Pick a mild sport superpower

That’s cursing your opponent. Just because you’re awesome doesn’t mean the other guy sucks. You can choose to have the fastest serve in the game, though, or to always put it on the chalk slightly less often than would look like cheating or magic.

Ah, but there’s an interesting catch there. If you’re a regular baseball player, you can take either the power or the timing (you can still use your natural power, though, with the timing perfect), but if you’re the DH, then hitting’s your sole job. I don’t know if that’s a ‘mild’ superpower anymore.

Which is it, power or accuracy? Can’t take both. If you take throwing accuracy, that’s fine, but you’ll only be able to throw, like, 15 yards unless you practice. If you took kicking power, you can git it to the goal from the 50 yard line, but it’ll be 30 feet wide.

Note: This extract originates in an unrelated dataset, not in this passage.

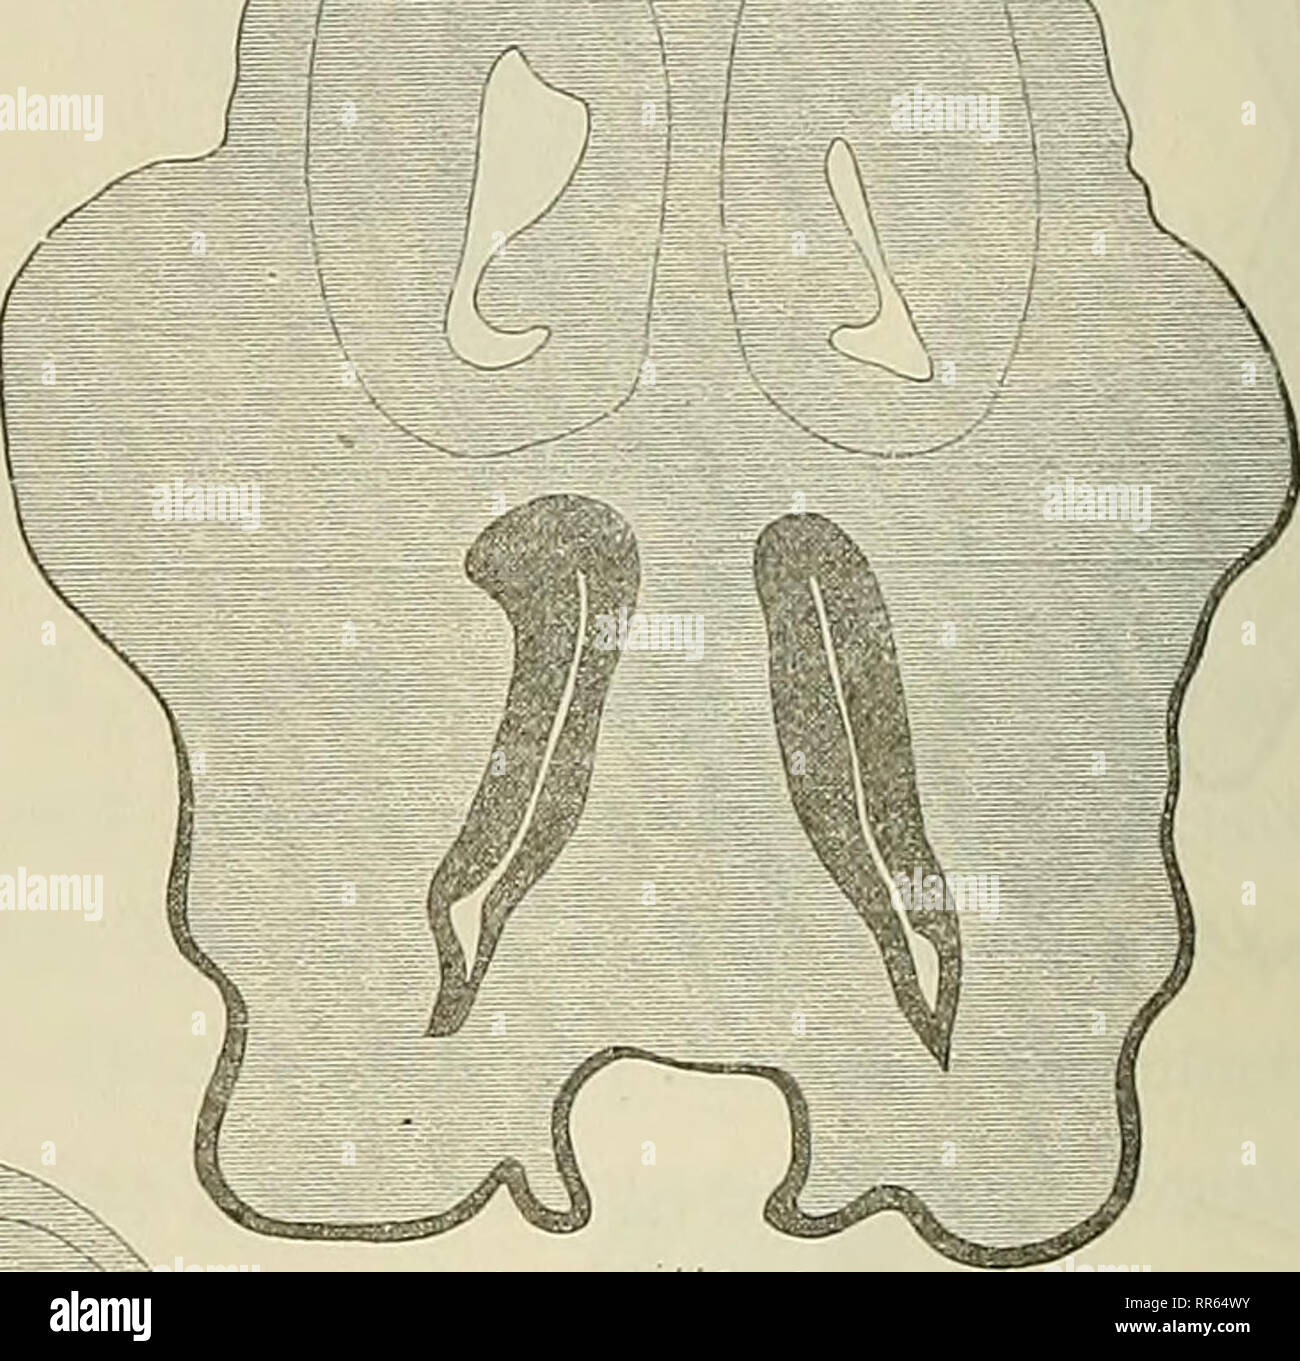 . Abhandlungen der Senckenbergischen naturforschenden Gesellschaft. L'histoire naturelle. - 46 - lateralen Nasenfortsatzes medialen und ist eine Verschmelzung erfolgt ; l'homme sieht daher en Fig. 5b, die einen durch den Durchschnitt der mittleren la section Le Nasenhöhle- Krokodil und das Epithel embryons darstellt, Nasenhöhlenwand Epithellamelle der durch eine kontinuierlich mit dem Epithel des Mundhöhlendaches in Verbindung. Im nächsten Stadium. Fig. 6a-c (Taf. IX, fig. 72-73), ist diese Verschmelzung der beiden noch weiter fortgeschritten Nasenfortsätze effet und eine Fig.6 vollkommenere" ü L J Banque D'Images

I was initially going to just penalize you yardage, but since you used “caveat” to mean ‘stipulation’ instead of ‘warning’, I’m ejecting you from the game. We don’t need your kind here.

No, it’s akin to making every field goal from inside the 25, which is legal. I’d make 18 putts, but what about the other 52 strokes? I’m on my own for those.

You can take the speed, sure, but once you step on the track, your powers are useless. For some reason, your power always fails you when you’re trying to win other competitions.

Oh, and I should say that technically, the putting power is not to “make every putt” but to “be able to perfectly analyze my potential putt”, such that I always know the right angle and strength to hit it. And the “make it inside the 25 yard line” power is really something like “Always have perfect accuracy inside the 25” and I figure you could learn to kick that hard.

Says the guy who wants to “never miss a putt”.

i would argue that never missing a putt isn’t an ability but rather a consequence. the ability would be to read the green, and even then you’d have to adjust how much power to putt with.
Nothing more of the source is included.